Here is the binary file:

lpc1776_ethernet_I2C.zip

gkasprow commented 6 years ago

I will test it on Monday.

sbourdeauducq commented 6 years ago

Why do I still get autonegotiation to work, then? Is that PHY chip still doing autonegotiation while in reset?

gkasprow commented 6 years ago

In my media converter it shows LINK state when I plug SFP, even with AMC power supply off. Is there any form of autonegotiation in 1Gbit Ethernet over SFP? There is only link state when valid symbols are decoded. The reset line also disables the PHY clock generator so its impossible to have any activity. The PHY also needs Tx clock from the FPGA to send something, that's why I release the reset after the FPGA gets configured.

sbourdeauducq commented 6 years ago

In my media converter it shows LINK state when I plug SFP

Yes, that was a problem with one of my media converters too. Some of those just use (and require) the EEPROM and/or the LOS signal, which was one of the problems with the cable you gave me, since you had removed its chips entirely. Some other media converters show the status of the autonegotiation instead. https://ssl.serverraum.org/lists-archive/artiq/2017-November/001165.html

Is there any form of autonegotiation in 1Gbit Ethernet over SFP?

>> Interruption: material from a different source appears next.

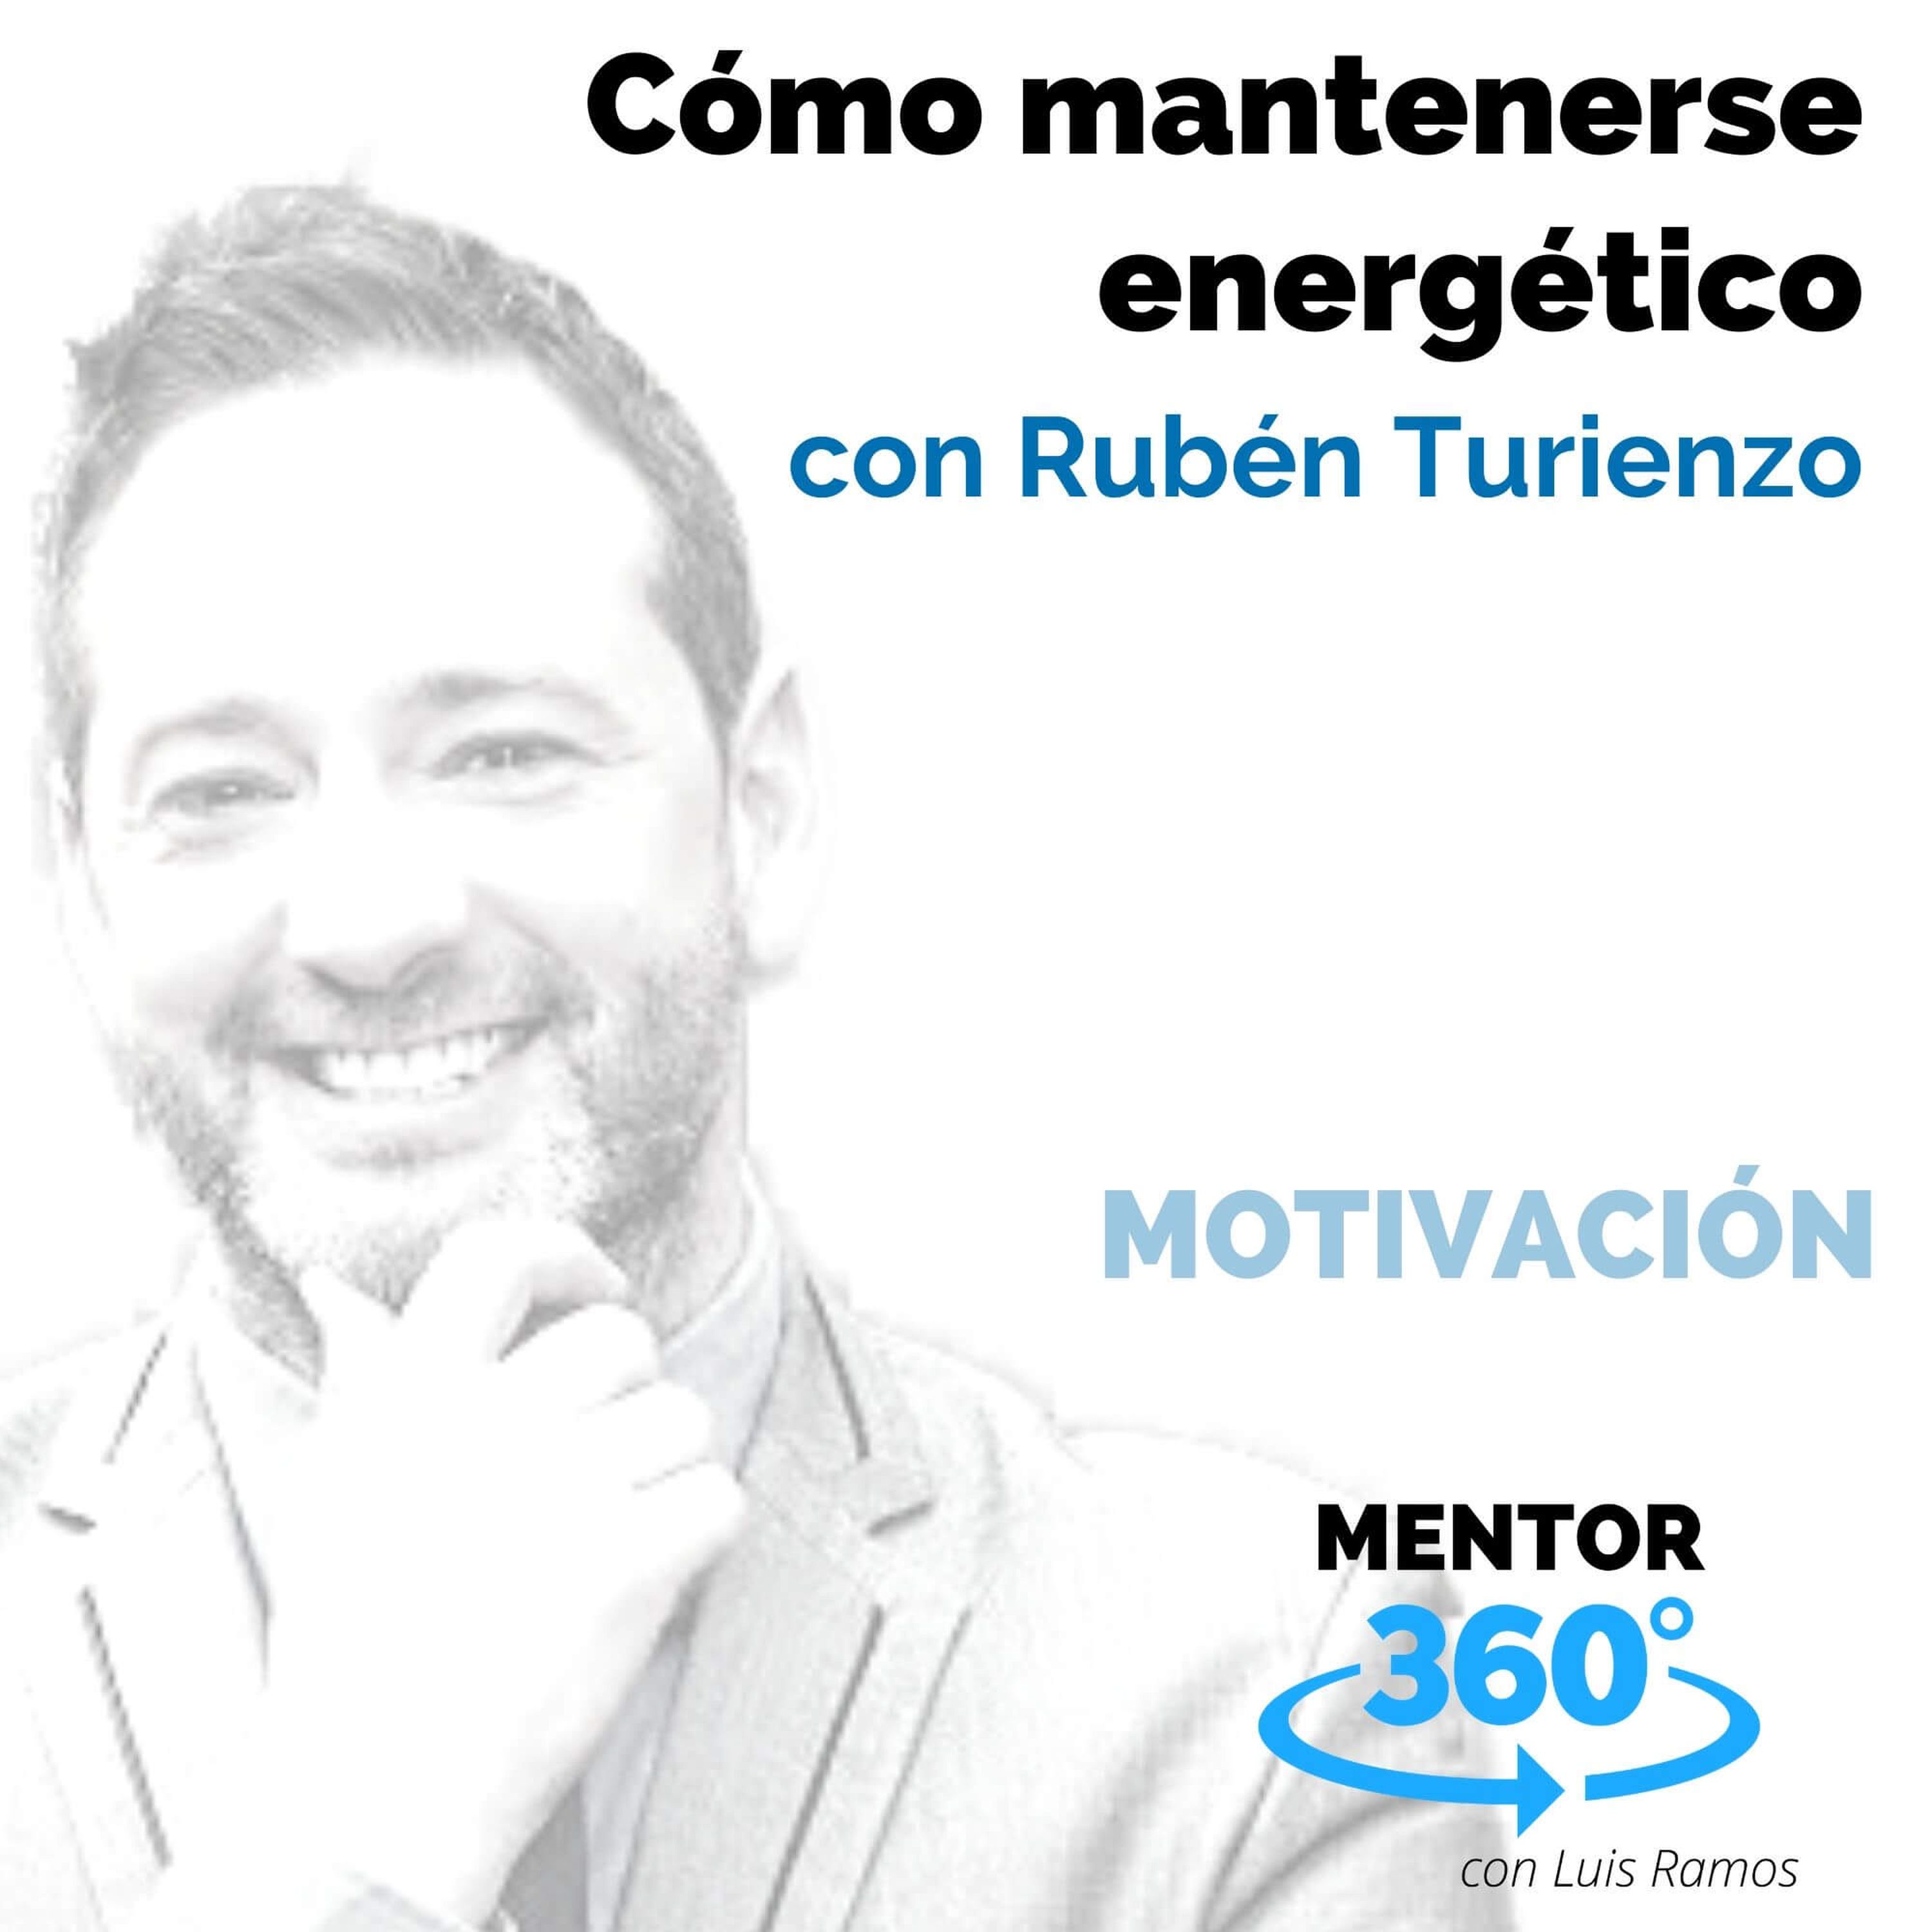 Cómo mantenerse energético, Con Rubén Turienzo - MOTIVACIÓN

Yes, see section 36.2.5.2.7 "Auto-negotiation process" of IEEE 802.3-2008. The autonegotiation is optional and can be disabled with a switch on some media converters.

There is only link state when valid symbols are decoded.

No, there is more (optionally).

The reset line also disables the PHY clock generator so its impossible to have any activity.

In this case this is not the problem on my boards, since another of my media converters is sensitive to whether the SATA side of the cable is plugged or not.

gkasprow commented 6 years ago

@sbourdeauducq I don't have access to AMC board right now, I simply found this issue looking at the code. University is closed right now. I will test it on Monday. Is the MII LED on?

sbourdeauducq commented 6 years ago

What is the MII LED?

gkasprow commented 6 years ago

It is a LED on the front panel which is connected to the CPU Its original role was to signal who is talking to the PHY chip, at the moment it shows if PHY is in reset state or not. So when the led is lit, the PHY opearates normally.

sbourdeauducq commented 6 years ago

@gkasprow Have you been able to get RGMII Ethernet to work again with your demonstration code? If so, can you share a minimal Vivado project?

gkasprow commented 6 years ago

I just noticed that I was wrong, DONE pin when high indicates correct FPGA configuration. So the MMC code you have is correct.

gkasprow commented 6 years ago

So far no success. I tested 3-pin mode and 15-pin configuration mode. I observe PHY transferring data and Rx data on PHY pin. But there is no activity on DV line at all. I will access MDIO registers to see what's really going on.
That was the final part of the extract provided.